А тут еще с Резниковым произошла трагедия — он погиб в автокатастрофе. Короче, когда все это произошло и лаборатория прекратила свое существование, когда профессор Горев уехал в Штаты и выбил у фонда Мелвилла для нас гранты на продолжение своей программы, мы с Шуркой решили — будем во что бы то ни стало продолжать опыты с Эль-Эйч. Ольгин тогда же забрал у фармакологов всю партию забракованного препарата, и мы начали свою собственную программу.
Но мы испытывали препарат исключительно на антропоидах. Клянусь вам, я и представить себе не мог, что Шурка в это же самое время параллельно испытывает этот стимулятор и на себе. Я знал, что ему этого хотелось, — что греха таить? Но что он уже делает это — нет. Да если бы я только догадался, я бы никогда ему этого не позволил! Никогда. И он это знал. Потому и прятался, как вами установлено, по лесам, таился от нас, делая все украдкой.

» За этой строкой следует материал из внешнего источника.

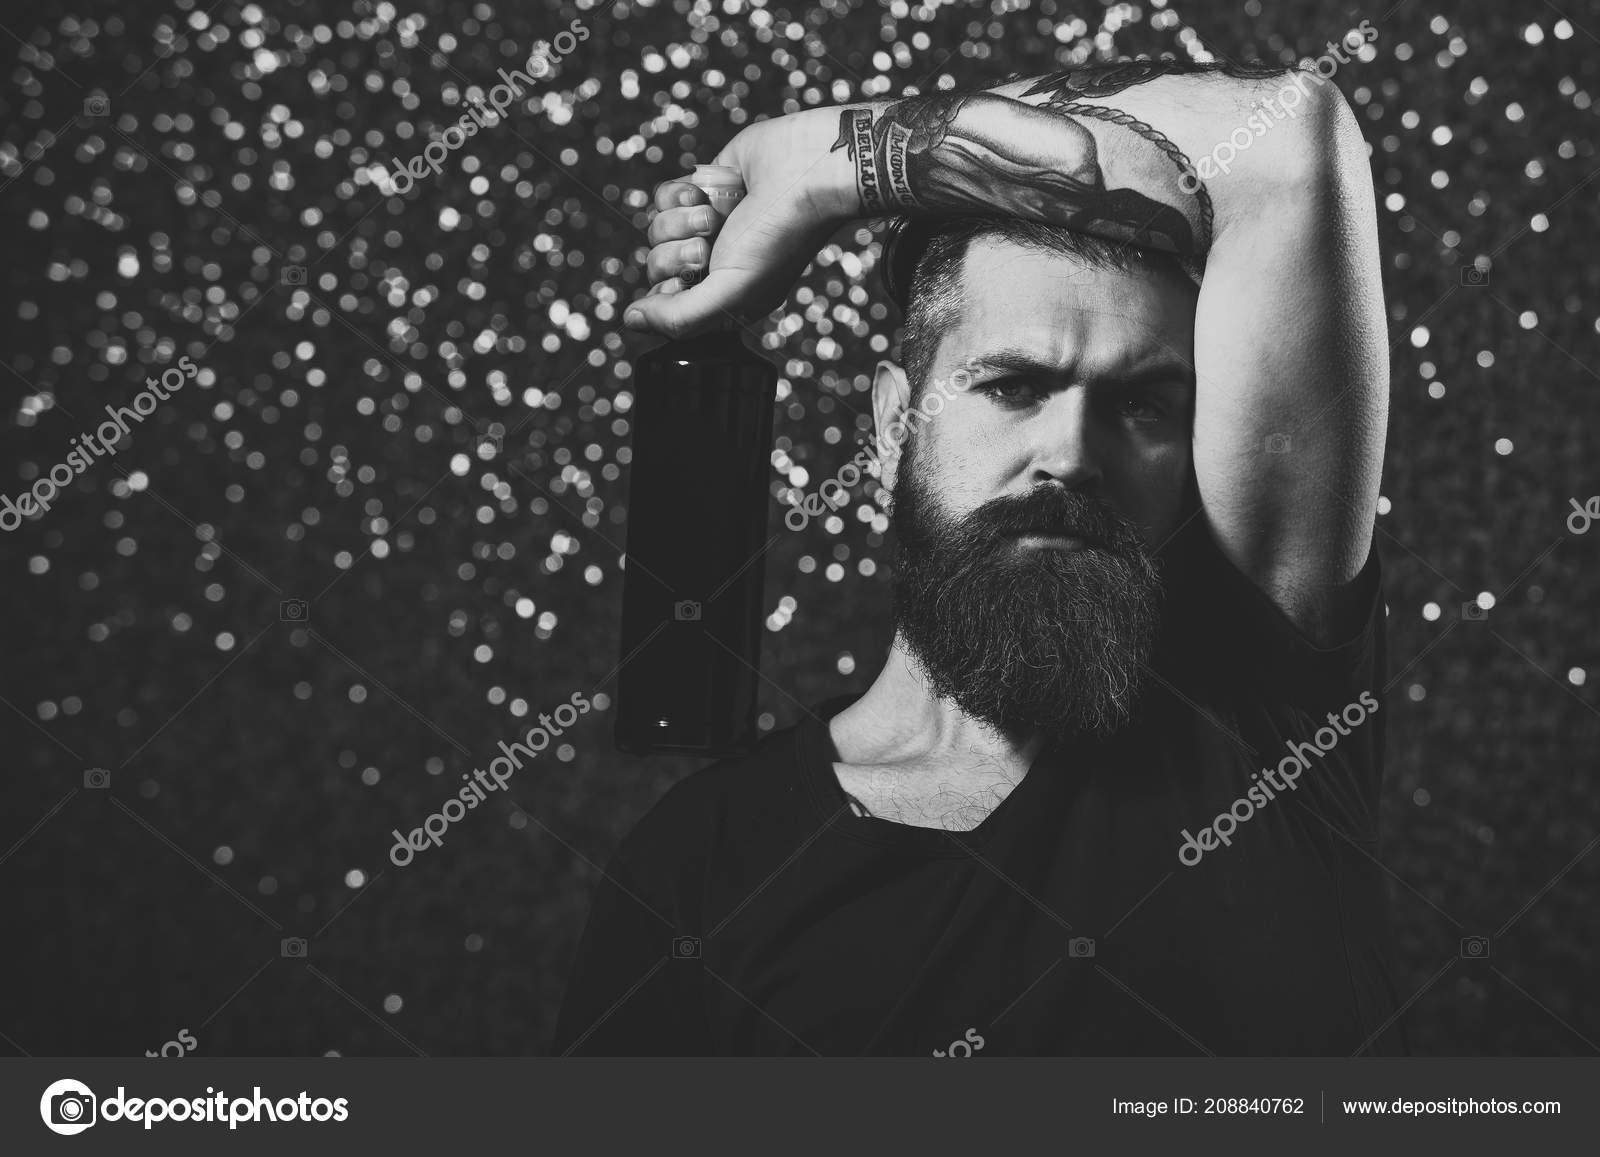 063222736 Mau hábito, dependência de álcool. Hipster com barba longa em tshirt preto  Segure o vinho. Tatuagem, moda, conceito de estilo.
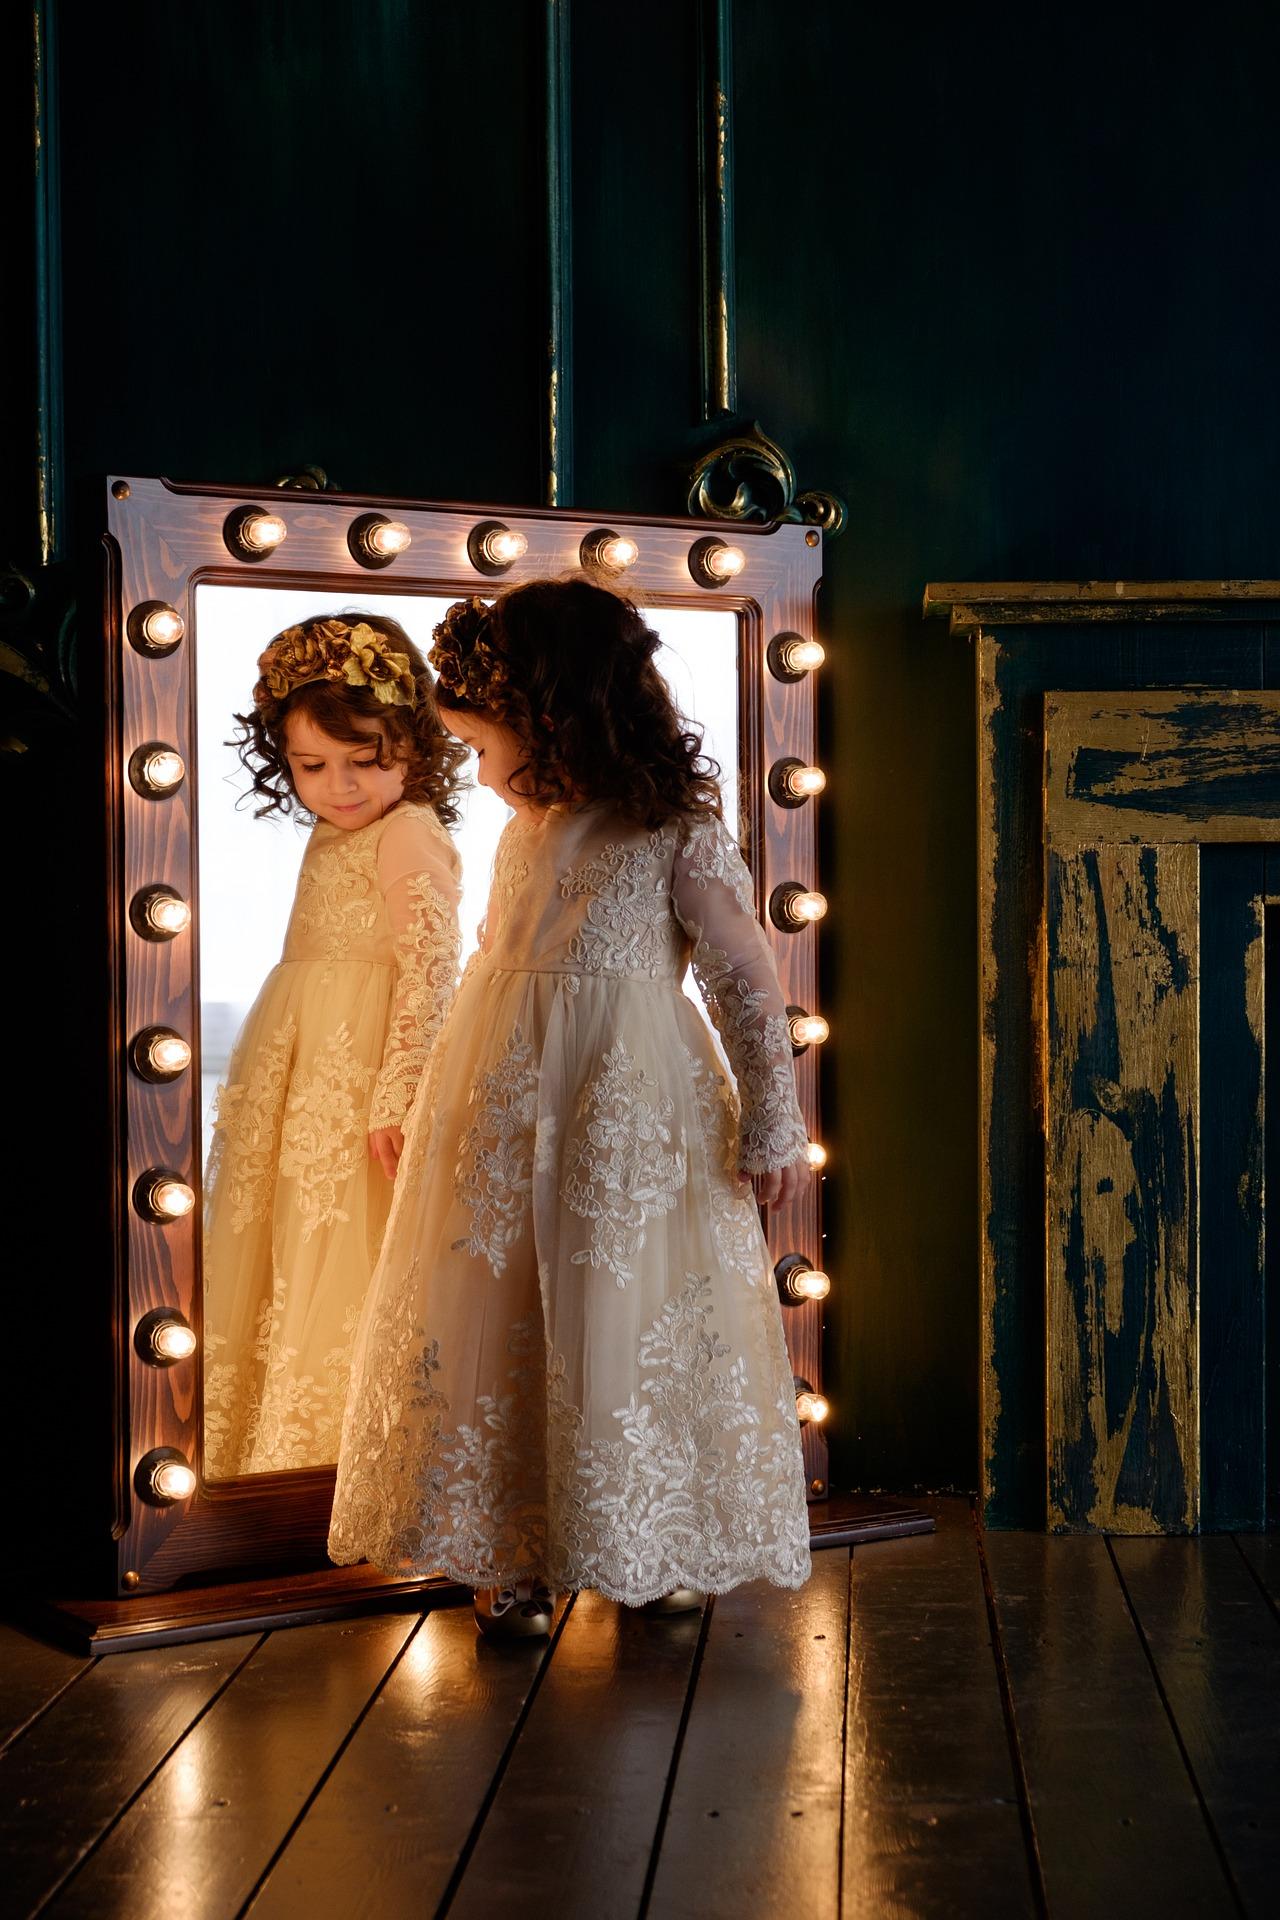 bambina specchio.

— Значит, вы, Олег, будь вы в курсе, не позволили бы ему проводить над собой подобные варварские эксперименты? — уточнил тогда Никита. И надолго запомнил взгляд Званцева. В нем мелькнула яркая насмешливая молния. И тут же пропала. Однако тон, которым физиолог ответил: «Что вы, да как же я мог позволить ему терпеть такую боль? Я же друг его!» — был самый сердечный и искренний. Взгляд говорил одно, тон — другое. Колосов отметил это про себя и с разрешения следователя начал далее допрашивать Званцева лично: — Какое именно действие оказывает препарат на подопытных шимпанзе?
— Разное. Каждый раз мы делали сканирование мозга. Но сначала нужного результата не добивались. Мы начали сразу с больших доз: с шести миллиграммов, и две обезьяны у нас погибли от болевого шока. Болевой синдром — это основной побочный эффект Эль-Эйч, — объяснил Званиев. — И с этим ничего поделать нельзя. Нервные центры остро реагируют на раздражитель, организм защищается. И вот тогда другую серию опытов с Хамфри и Чарли мы начали с микроскопически малых доз. Однако от Чарли нам вскоре пришлось отказаться. У него слабое сердце, он не выдерживал нагрузки.
— Это он под действием препарата потерял страх перед змеями? — хмуро осведомился Никита.
— Совершенно верно. Наступила мгновенная блокировка центра страха. Но с памятью нам мог помочь только Хамфри — тренированный, выносливый, настоящий цирковой.
— То, что вы с ним делали, как он у вас выл там в клетке — я же слышал, это… это бесчеловечно, — Колосов покраснел. — Садизм это, вот что. Истязание на языке Уголовного кодекса.
Званцев тоже покраснел как рак. Какая-то язвительная отповедь уже трепетала на его языке, но следователь мгновенно погасил зреющую ссору:
— Мы не будем пока вдаваться в моральные оценки происшедшего. Мы должны разбирать и оценивать только голые факты.
— Факты… — Званцев презрительно сощурился. — С Хамфри мы тоже начинали с малых доз. Потом Ольгин настоял, чтобы мы их увеличили. В последний раз мы дошли до максимума. Однако делали инъекции с определенной очередностью, через определенное количество времени. Так достигался наилучший вариант при сканировании. Видимо… этот же вариант был повторен Ольгиным и на себе: серия инъекций, строгий временной график, а затем наступал результат. Какой — не знаю, не спрашивайте. Ведь я и понятия не имел об этом, даю слово!
— Мы верим вам, — успокоил его следователь. — Но что же будет дальше?
— Ничего. А что может быть дальше? На нашей программе теперь поставлен крест. Да и препарата у нас нет больше. — Званцев снова встретился взглядом с начальником отдела убийств.